Warren Proposes Policy Overhaul to Support Native Peoples

Democratic presidential candidate Sen. Elizabeth Warren, D-Mass., speaks at the Iowa State Fair on Aug. 10, 2019, in Des Moines. (AP Photo/John Locher)

(CN) – Ahead of a forum Monday focused on issues facing Native American communities, 2020 presidential hopeful Sen. Elizabeth Warren promised structural reform to government programs to address the many issues facing Native Americans.

“The story of America’s mistreatment of American Indians, Alaska Natives and Native Hawaiians is a long and painful one, rooted in centuries of discrimination, neglect, greed and violence,” Warren notes in the published proposal, adding, “Native history is American history – we must be honest about our government’s responsibility in perpetuating these injustices for centuries.”

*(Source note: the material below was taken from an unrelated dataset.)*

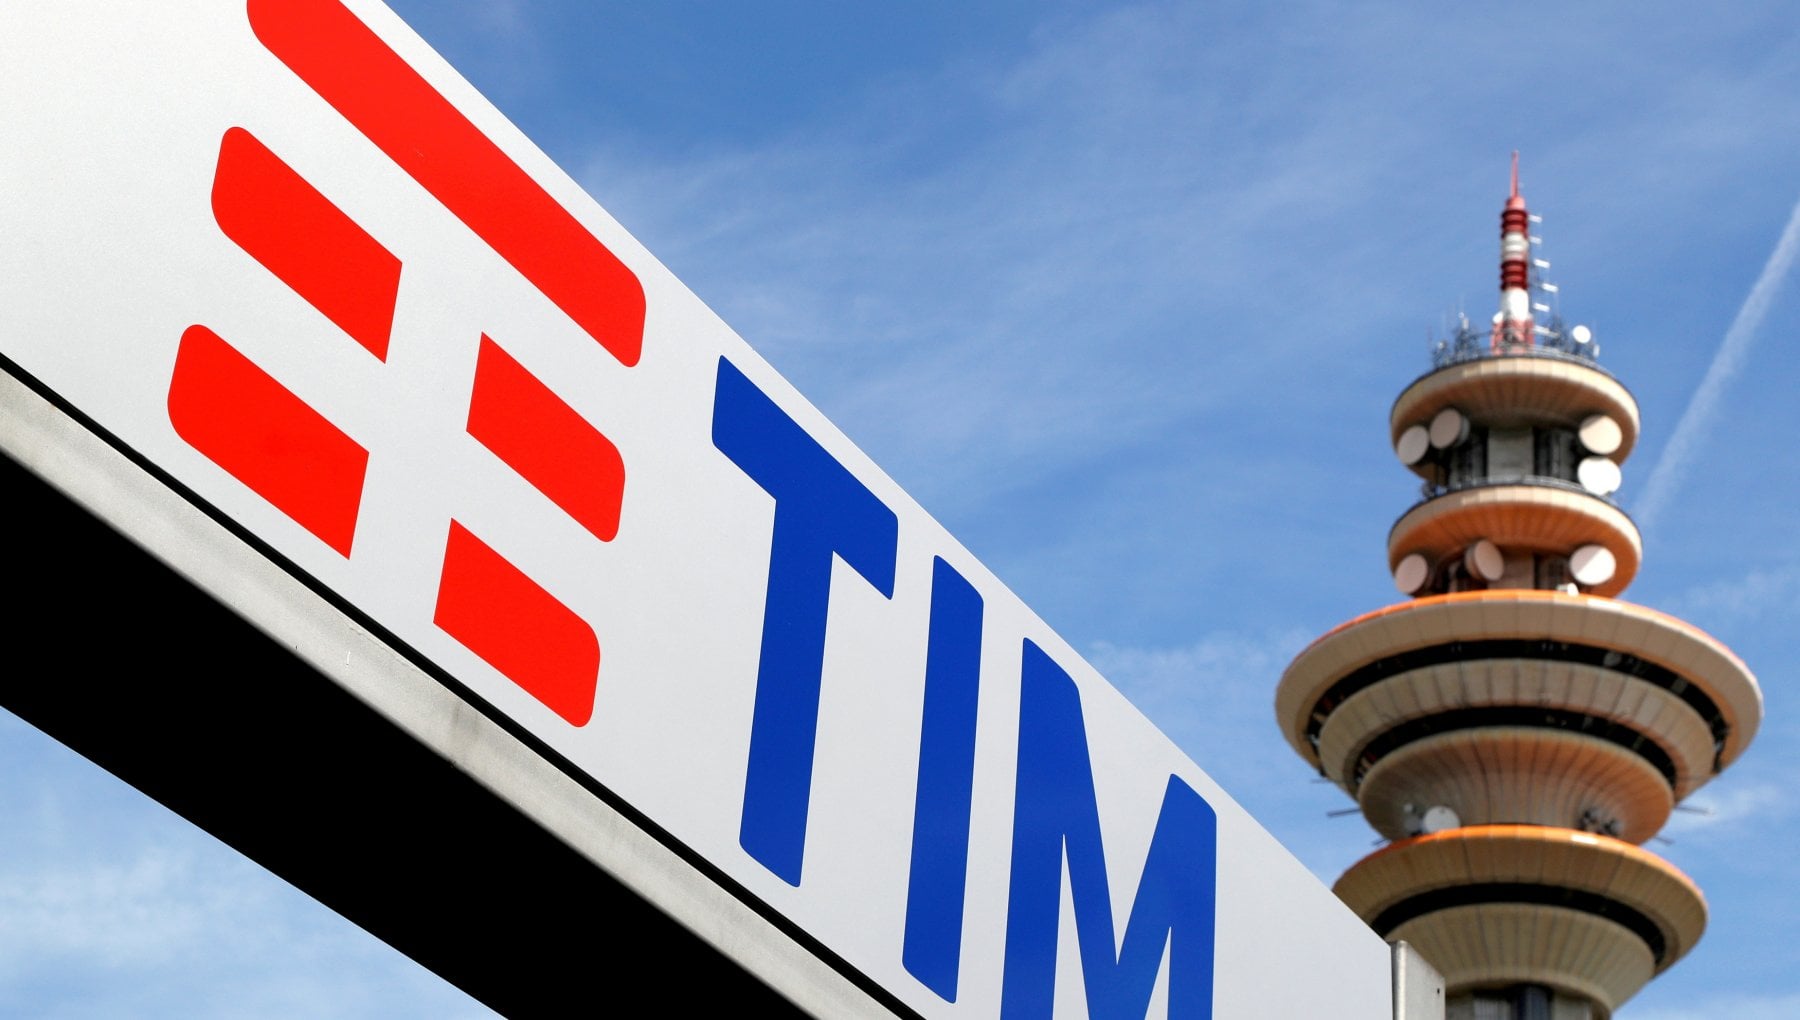 financialounge -  borse inflazione mercati Telecom Italia

Warren is scheduled to speak at the Frank LeMere Native American Presidential Forum in Sioux City, Iowa, on Monday morning. The two-day forum will feature nine Democratic hopefuls, though Warren’s appearance is the most anticipated.

She courted controversy and derision after she claimed Native ancestry and accepted a challenge from President Donald Trump in 2018 to take a DNA test to prove it. Although the DNA test did show that Warren has a distant Native American ancestor, she apologized for conflating ancestry and tribal membership and has been dogged by the controversy.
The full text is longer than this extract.